# Art by Svart



## Svartmetall

I got into the habit a while back of carying a small sketchbok with me most places for jotting down ideas that occur to me while I'm in work, the pub, or whatever. I'm constantly frustrated by my lack of 2D artistic ability, but here's some concept art and sketches and stuff...

A Herald of Nurgle which I still intend to finish sculpting one day:









A Daemon Prince of Nurgle which I'm likewise still working on:









Two sketches for a Plague Champion that I did while imbibing in Bugman's Bar (they forced me to drink those beers, I tell you, FORCED me!):








...and how the model of Plague Champion Kharzhâl began to shape up next to the concept art:









The sketch for a Dryad-esque sort of treeman thing that I did in work one night, next to the finished sculpt:









Some random Plague Marine detail ideas:









A Possessed of Nurgle sketch I came up with one night just for the hell of it, and the model it turned into (which won a conversion competition at the RelicNews forums :biggrin:









Some weapon ideas for a Daemon Prince of Nurgle:








...and some non-Nurgle Daemon weapons:









And finally, since I'm currently working on converting up some Obliterators, here's some of the biomechanical weapon sketches I've been coming up with with them in mind:

























All feedback is welcomed, since I'm really wanting to improve my drawing from its current somewhat rudimentary state...


----------



## gundamboy195

i here-by bow before the GS god!


----------



## Drannith

awesome sketches and the conversions are inspiring to say the least.


----------



## KhainiteAssassin

very awsome man. as usual, your GS work is top notch... now I need to learn some tricks for bases for my Dark Eldar markers


----------



## Svartmetall

A couple more things I found lurking in the sketchbook...

A horribly bloated Plague Champion; a model inspired by this sketch is currently under way:









Some ideas for lightning claws, or power claws. Or something.









A Nurgle cultist:









And some close-combat mutations for Possessed:


----------



## Zodd

I think these sketches are very good, because the greens/conversionworks they inspire you to make, are outstanding. It would be sad if these ideas wasn't remembered og brought to good use.
And one sketch that really stand out to me:





Svartmetall said:


> Some weapon ideas for a Daemon Prince of Nurgle:



Please keep posting the sketches, as they are very inspiring.+rep


----------



## Dave T Hobbit

I think you are too hard on yourself; you do not lack 2D artistic ability.

Ideas-wise, I find shading with colour more forgiving than black and white, so you might be able to get more work that pleases you with that.


----------



## Svartmetall

The second version of the body lascannon for my third Obliterator:









And a random Spawn I doodled one night in work.

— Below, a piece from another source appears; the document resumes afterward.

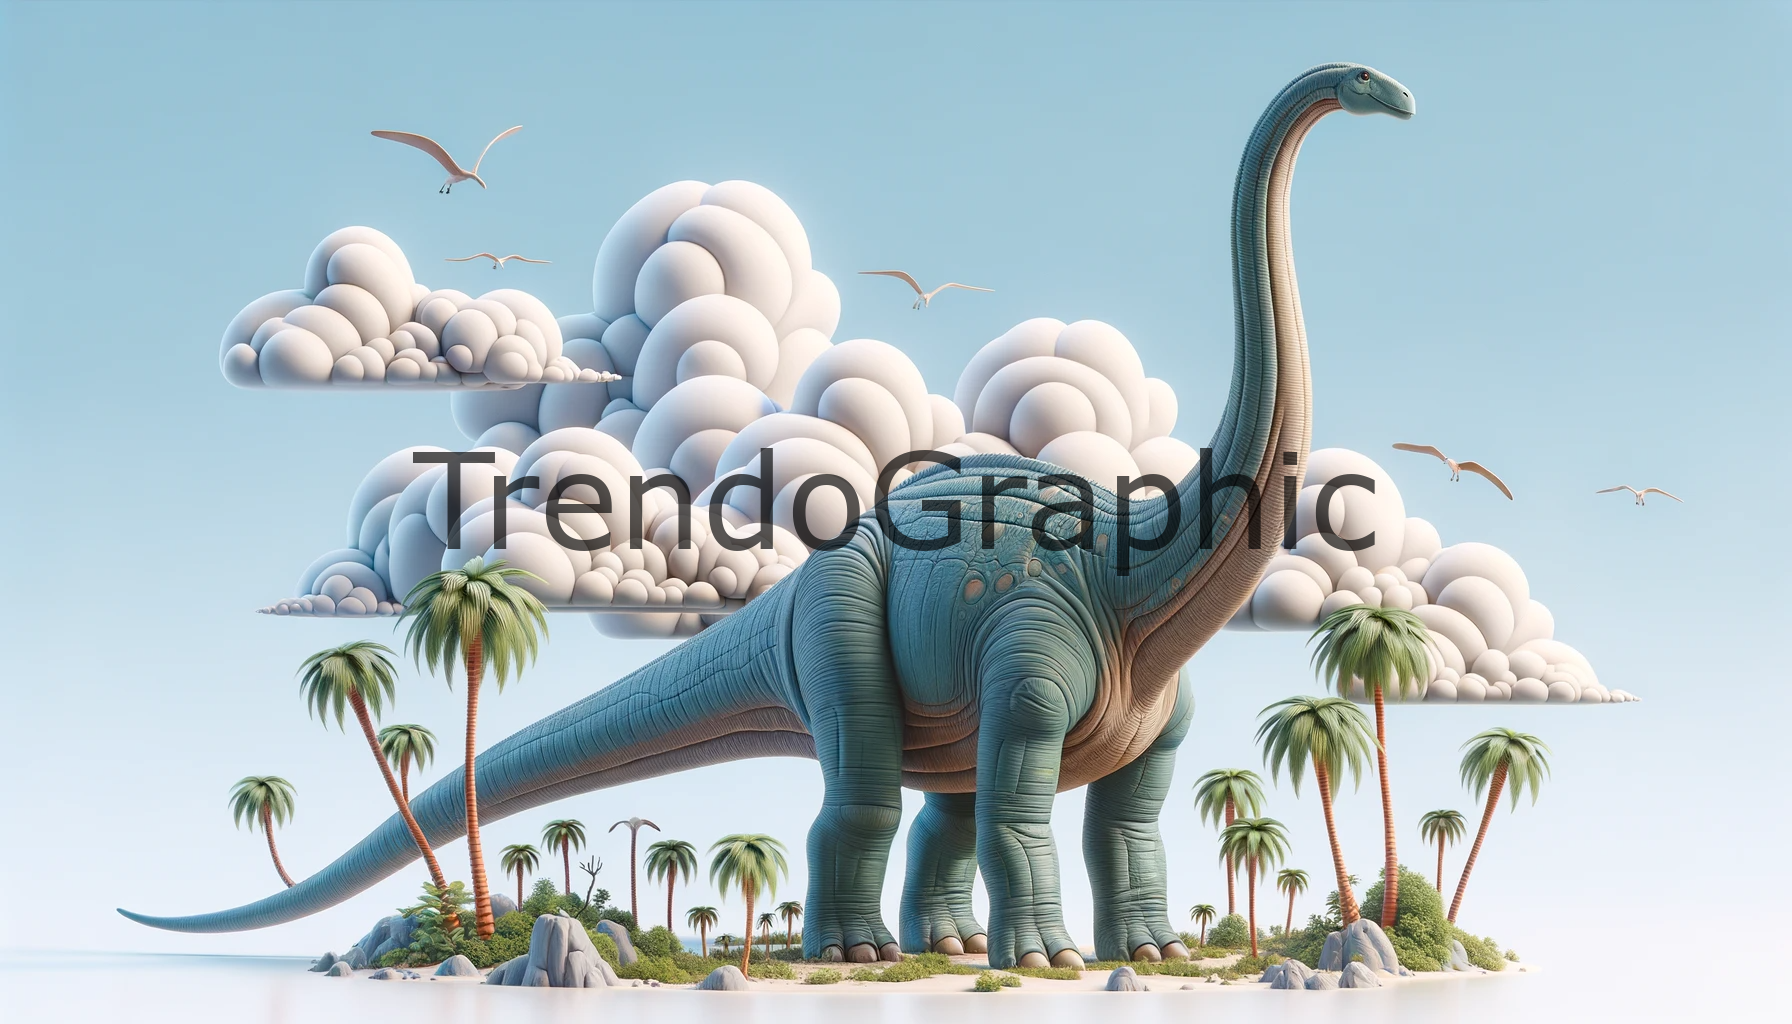 Brachiosaurus Grandeur: The Skyward Reach

This may well have been a subconscious attempt to embody the attributes of the management where I work in physical form:


----------



## effigy22

This is fantastic work my friend! Think you should post up some more!


----------



## WarlordKaptainGrishnak

-_-

Damn you Svart. Your just too damn cool for your own good.

Your 'sketches' are very very good, and it's great to see them leaving the 2D medium and becoming 3D. +rep for the sketches plus your Nurgle Log

I'd like to sketch more, but unfortunately my drawings always turn out like a cat in a blender and i've got no nack for shading, but live and let live.

Excellent work mate, keep it up (as well all know you will anyway)

Grish


----------



## xenobiotic

You mentioned you where looking for feedback. Please consider this as suggestions only, I'm not a fully learned artist or art-teacher!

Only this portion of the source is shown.